Gordon J. Lithgow

Gordon J. Lithgow (born 25 March 1963 in Motherwell, Scotland) is a Scottish medical researcher.

Lithgow grew up in Newarthill in North Lanarkshire, traditionally a mining village, and attended Newarthill Primary School and Braidhurst High School, Motherwell. He graduated from the University of Strathclyde in 1985 with a degree in Applied Microbiology and then started work towards a PhD in the laboratory of Alistair Brown at the Institute of Genetics at the University of Glasgow. He defended his PhD thesis in 1989 on transcription mechanisms in yeast. He then moved to Basel, Switzerland, to further study yeast molecular biology. There he became interested in the possibilities of studying aging in simple laboratory animals. This prompted a move to the University of Colorado, Institute for Behavioral Genetics, and to the laboratory of Thomas E. Johnson who was studying the first genetic mutation to slow aging in a gene he called age-1.[1]

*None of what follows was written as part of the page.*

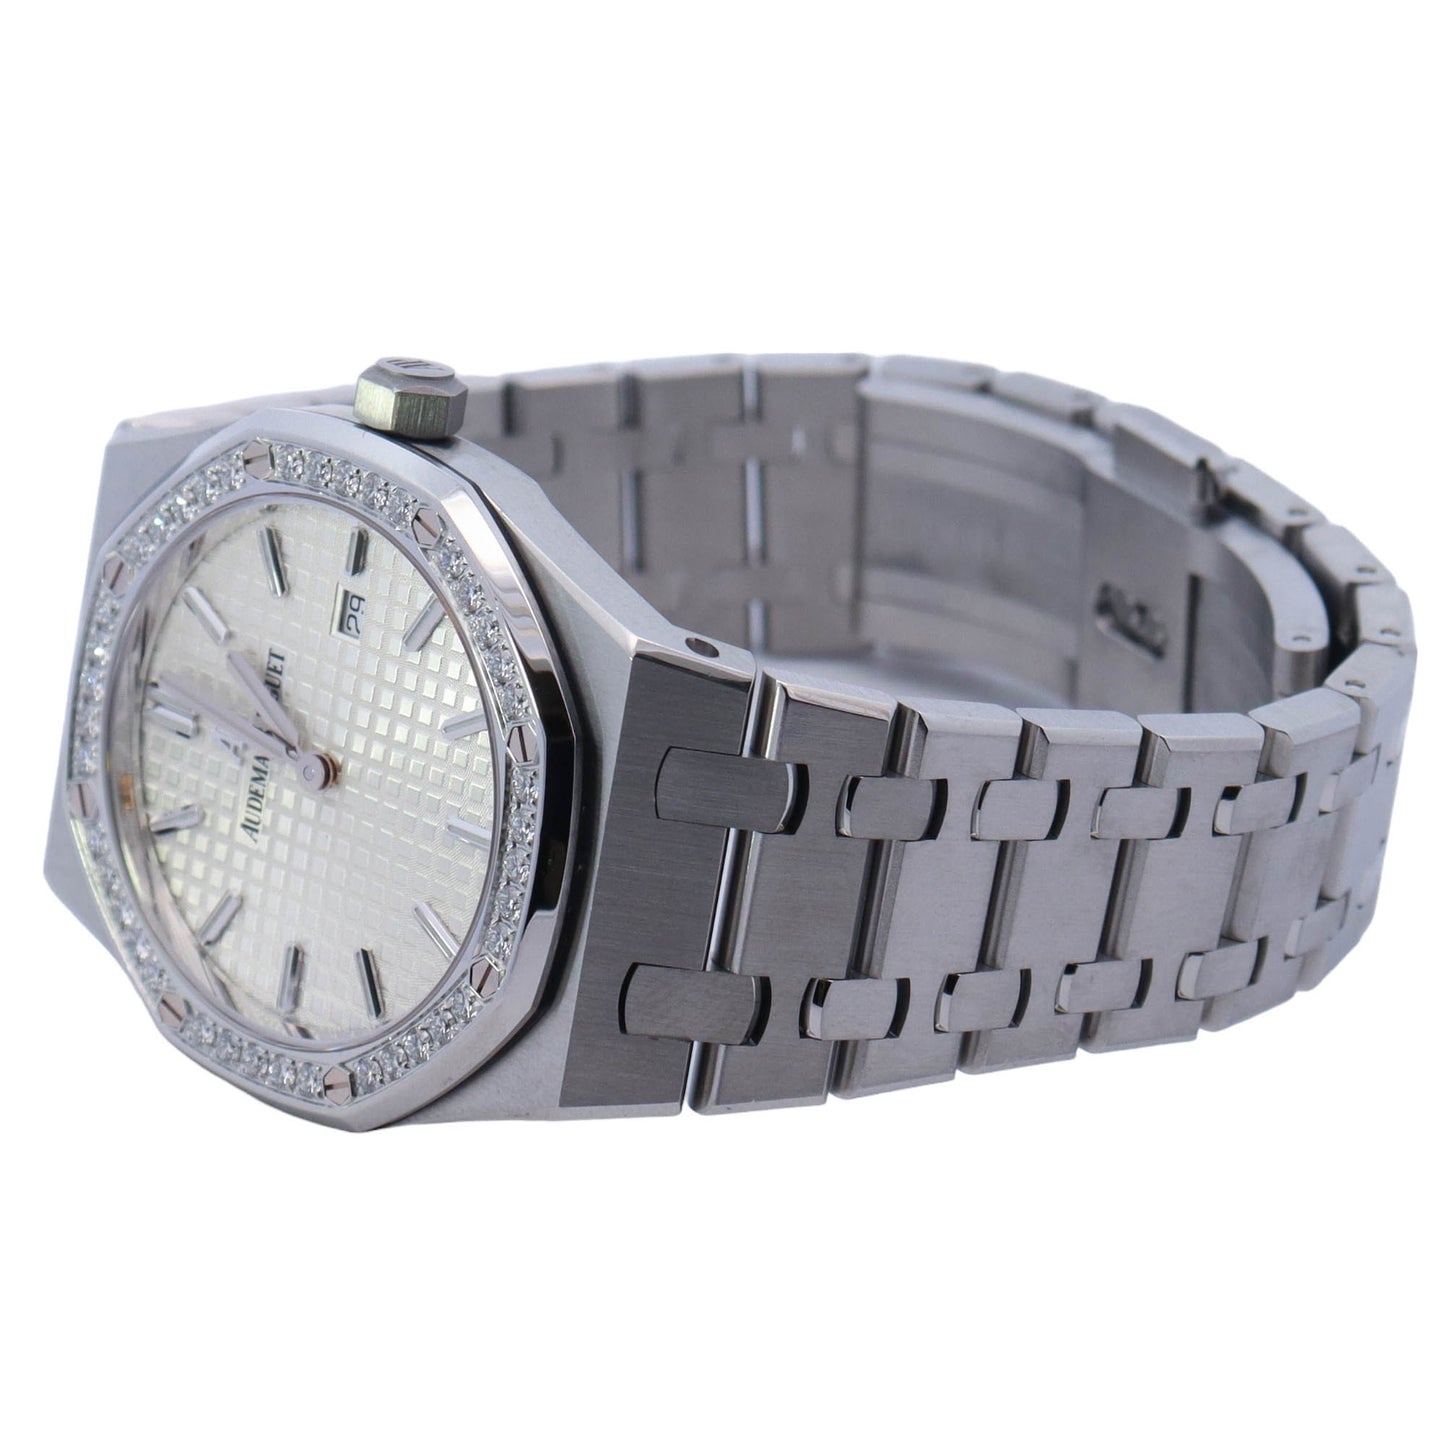 Audemars Piguet Royal Oak Stainless Steel 33mm White Stick Dial Watch Reference# 67651ST.ZZ.1261ST.01 - Happy Jewelers Fine Jewelry Lifetime Warranty

After making a series of discoveries linking aging to stress,[2] Lithgow established his own independent laboratory at the University of Manchester, England which investigated the relationship between stress and aging. He moved the lab in 2001 to the newly established Buck Institute for Research on Aging.[3]

Throughout his career, Lithgow was a prominent spokesperson for aging research and frequently interacting with print, radio and television media. He has appeared on the Today program on Radio 4[4] and has given interviews to numerous national newspapers, including the New York Times[5] and The Guardian about aging and his research, and has presented to science-loving lay audiences.[6] He gave an extended interview about aging science to The Science Network.[7]

Lithgow sheds light on the mechanisms of aging by identifying agents that extend lifespan or prevent age-related disease. He has discovered a range of factors that can lengthen life in the microscopic worm Caenorhabditis elegans, and he applies these findings to studies in human cells in culture. Much evidence points to stress contributing to a breakdown in the ability to maintain optimal molecular stability resulting in aging and disease. Certain life-extending agents help C. elegans respond to lifelong stress by remodeling the natural stress fighting cellular mechanisms, the Lithgow lab has found. For example, long-lived mutants of C. elegans can are very stress resistant as a result of elevated levels of “heat shock proteins”. Heat shock proteins promote longevity probably by preventing a loss of protein balance. Long-lived mutant strains are also resistant to heavy metals, so the Lithgow lab went on to study the relationship between longevity and “metallostasis.” [8]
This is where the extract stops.